Dado que las distribuciones de longitud de los péptidos no pudieron explicar las diferencias de rendimiento relacionadas con la muestra de tripsina, calculamos además el recuerdo de iones b e y de carga única para todos los espectros de péptidos que componen el conjunto de prueba Giga, por ejemplo, la proporción de los iones de fragmento encontrados experimentalmente durante el total esperado teóricamente. Aquí, el recuerdo de iones es una métrica cuantitativa de la capacidad de un péptido particular para producir iones b/y en condiciones experimentales específicas. [24,25,46,47]. Para la extracción de iones de fragmentos, la tolerancia m/z fue de 15 ppm. También calculamos la recuperación de péptidos en función de los valores mínimos para los pares de recuperación de iones b/y.

La cuadrícula de recuperación de iones b/y muestra que la probabilidad de de novo MS secuencia correctamente un aumento de péptido con su capacidad de producir iones b o y (Figura 6C). Los datos muestran que la recuperación global de péptidos en el conjunto de pruebas Giga fue superior al 70 % cuando los péptidos produjeron al menos el 80 % y el 60 % de los fragmentos de iones b y/o y esperados. Estos resultados sugieren que la de novo El rendimiento de la secuenciación de MS en un tipo de muestra específico está ligado a sus distribuciones de recuperación de iones b/y. Figura 6D muestra que el orden de distribución de recuperación de iones y se ajusta al comportamiento de recuperación de péptidos para todos los tipos de muestras. Vale la pena mencionar que los péptidos trípticos tenían la proporción más alta de los iones y de carga única esperados en comparación con los otros tipos de muestras, lo que explica su notable rendimiento en una amplia gama de longitudes de péptidos (Figura 6A), es decir, el 55% de los espectros anotados tenían al menos el 60% de la y-iones esperados. Para estos péptidos, los fragmentos de iones y tienen un residuo cargado, como la arginina o la lisina, que son más abundantes y producen picos más intensos con el método de fragmentación HCD. [48,49]. Por el contrario, los péptidos de la digestión con gluc tenían una baja proporción de iones y y b (Figura 6E). Además, las distribuciones de recuperación de elastasa b/y-ion son consistentes con una alta proporción de péptidos cortos.

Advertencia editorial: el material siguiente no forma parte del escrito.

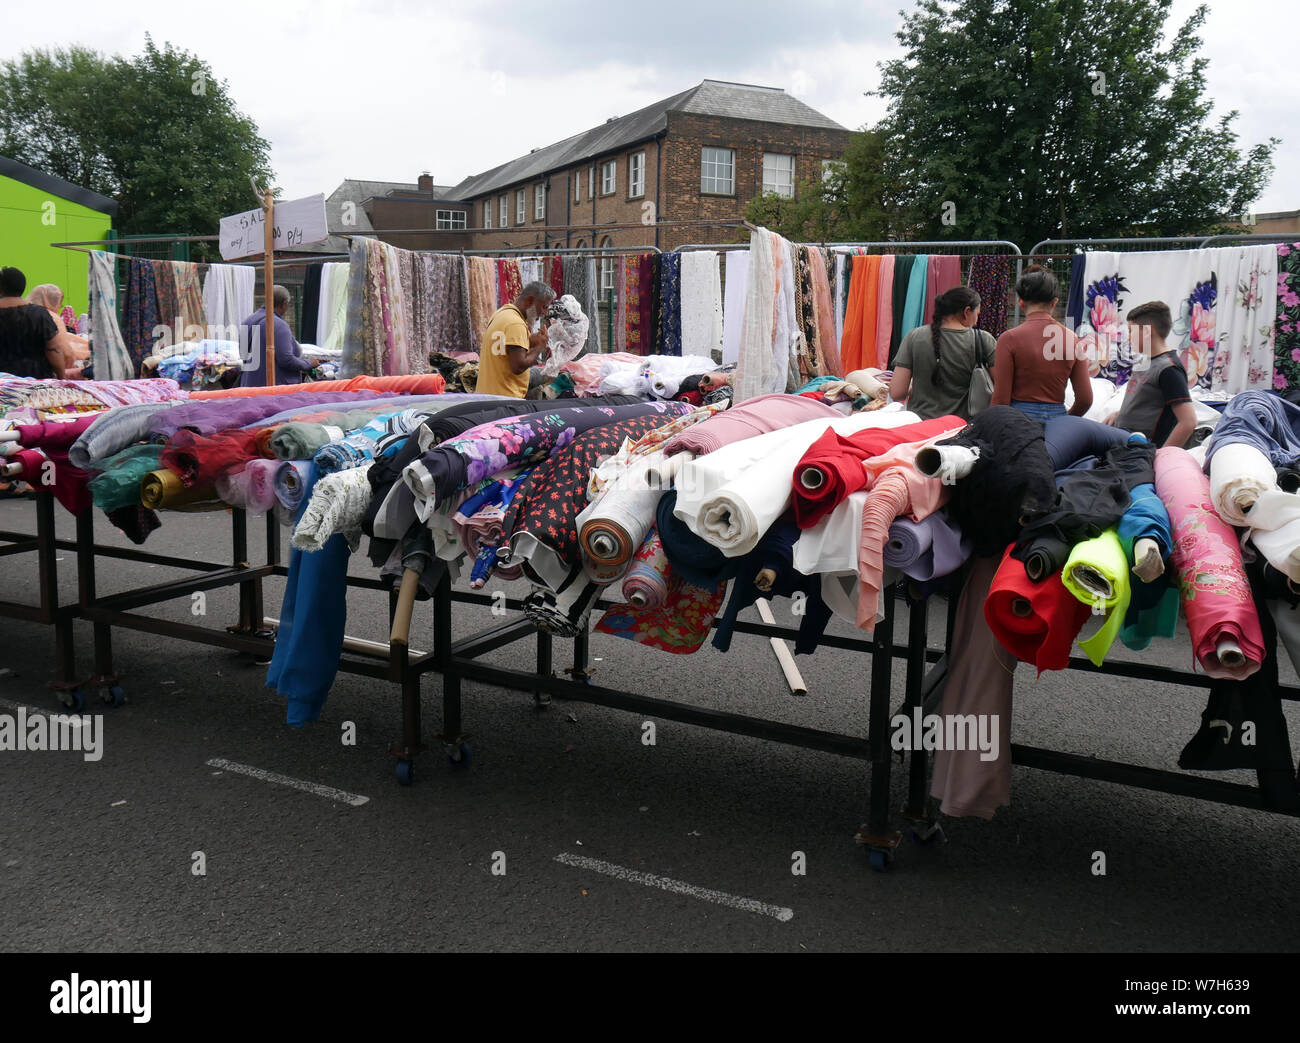 Les acheteurs asiatiques à la recherche de rouleaux de tissus et matériaux alors que des magasins Bolton marché plein air en Angleterre. photo DON TONGE Banque D'Images

MEM para longitud completa de novo secuenciación de anticuerpos

Una vez que establecimos los requisitos para construir modelos generalizables y cómo la calidad de los espectros de entrada impacta el subsiguiente de novo proceso de secuenciación de péptidos MS, probamos la eficiencia de usar los MEM en el de novo tubería de secuenciación de proteínas. Para este esfuerzo, seleccionamos un sistema desafiante y de interés biológico, como la secuenciación completa de anticuerpos monoclonales (mAb). Nuestro objetivo era de novo MS secuencia las cadenas pesada (HC) y ligera (LH) de cinco mAbs comerciales: Erbitux, Herceptin, Prolia, Silulite y Xolair. Digerimos cada muestra de mAb con seis proteasas: tripsina, quimotripsina, elastasa, gluc, pepsina y aspn. Cabe mencionar que esta última enzima no formaba parte del protocolo de generación de los modelos. Por otro lado, creamos el MEM Giga+ combinando los conjuntos de entrenamiento de los MEM Kilo y Giga. Consideramos ocho modelos (5 SEM + 3 MEM) para fines de comparación. Para analizar los resultados, inicialmente calculamos la cobertura relativa para todo el espacio de variables, es decir, modelos x muestras x matriz de cadenas (Figura 7A, Texto S2, Tabla S1). De esta manera, obtuvimos una idea del rendimiento del modelo en todos los tipos de muestras y qué enzimas facilitan la de novo secuenciación de las subunidades HC y LC. Además, examinamos la distribución de la longitud de los péptidos que coinciden con la secuencia para todos los tipos de muestras (Figura 7B). Estos gráficos proporcionan información sobre el poder de decodificación de los modelos. También muestra la capacidad de las diferentes proteasas para producir péptidos fácilmente detectables a partir de la de novo Perspectiva de secuenciación de MS. Aquí, discutimos inicialmente el impacto del uso de diferentes proteasas para la secuenciación de novo de anticuerpos monoclonales, específicamente, cómo afecta la capacidad de todos los modelos para lograr una alta cobertura de proteínas y generar una gran cantidad de diferentes péptidos fáciles de decodificar. Luego examinamos el rendimiento individual de los MEM frente a los SEM en todos los tipos de muestras. Finalmente, mostramos la capacidad de los MEM para producir una gran cantidad de péptidos superpuestos en los dominios variable y constante de las proteínas estudiadas.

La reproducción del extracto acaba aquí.